Pakeha paratecta
- Conservation status: Not Threatened (NZ TCS)

Scientific classification
- Kingdom: Animalia
- Phylum: Arthropoda
- Subphylum: Chelicerata
- Class: Arachnida
- Order: Araneae
- Infraorder: Araneomorphae
- Family: Cycloctenidae
- Genus: Pakeha
- Species: P. paratecta
- Binomial name: Pakeha paratecta Forster & Wilton, 1973

= Pakeha paratecta =

- Authority: Forster & Wilton, 1973
- Conservation status: NT

Species of spider

Pakeha paratecta is a species of Cycloctenidae spider that is endemic to New Zealand.

==Taxonomy==
This species was described in 1973 by Ray Forster and Cecil Wilton from female specimens.
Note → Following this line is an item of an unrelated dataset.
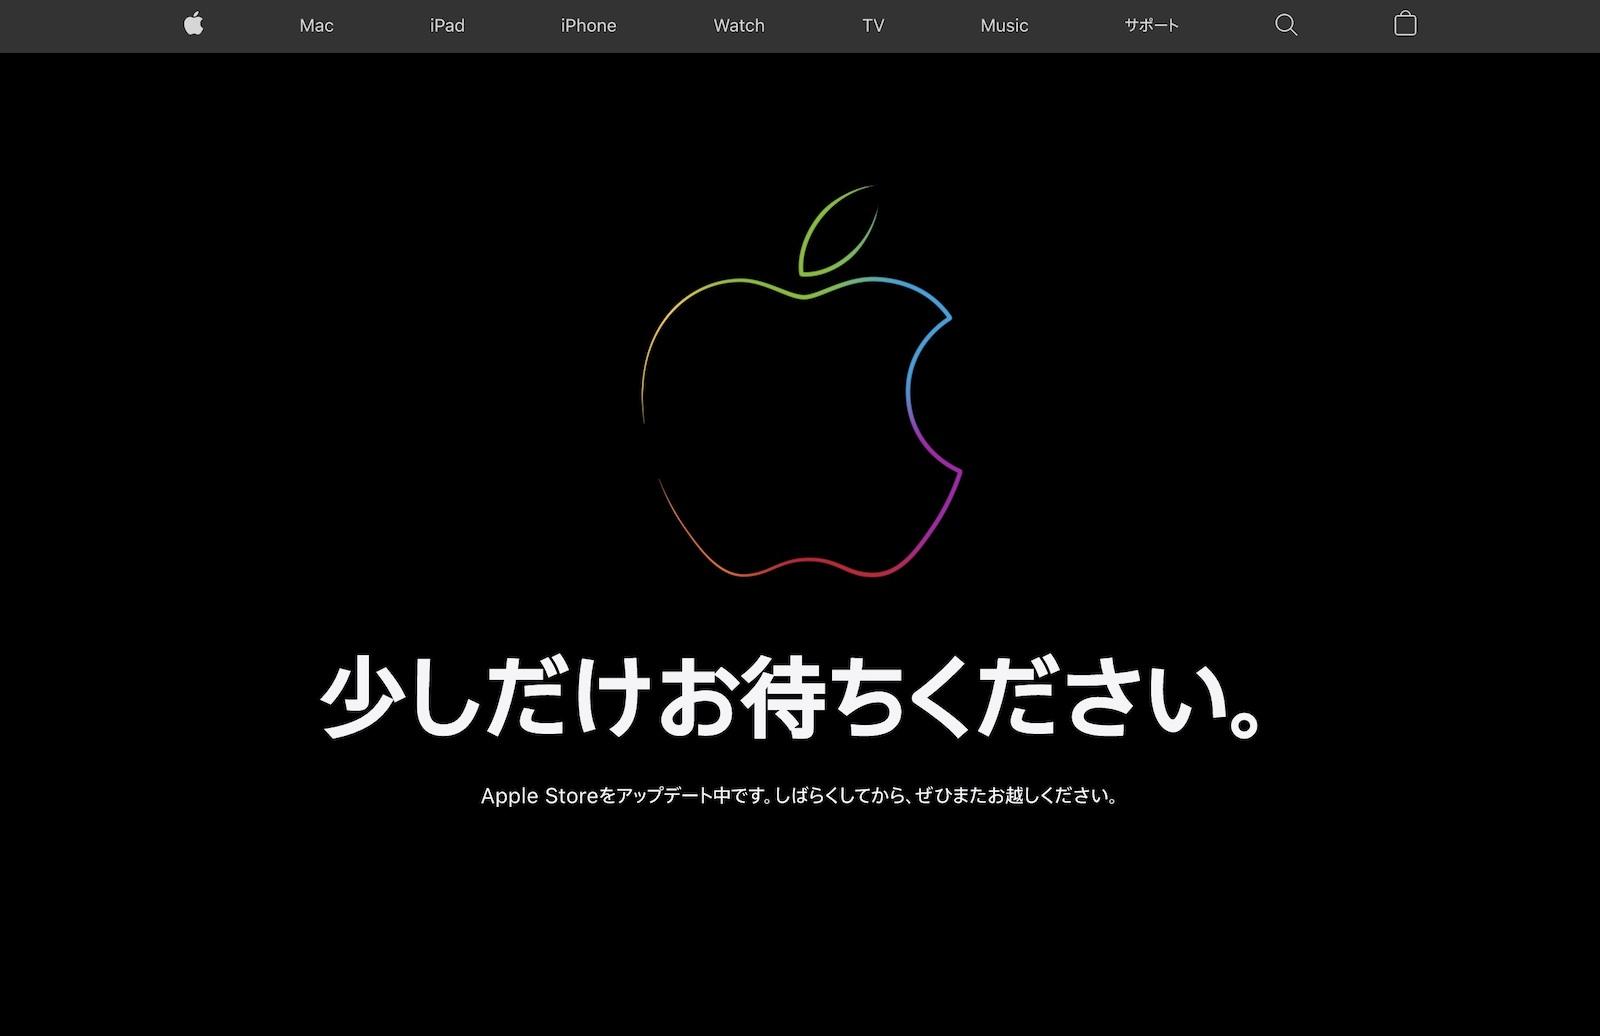 Apple Store Update

The holotype is stored in Otago Museum.

==Description==
The female is recorded at 3mm in length. The cephalothorax and legs are coloured reddish brown. The abdomen has a reticulate blackish brown colour with a chevron pattern dorsally.

==Distribution==
This species is only known from Southland and Stewart Island, New Zealand.

==Conservation status==
Under the New Zealand Threat Classification System, this species is listed as "Not Threatened".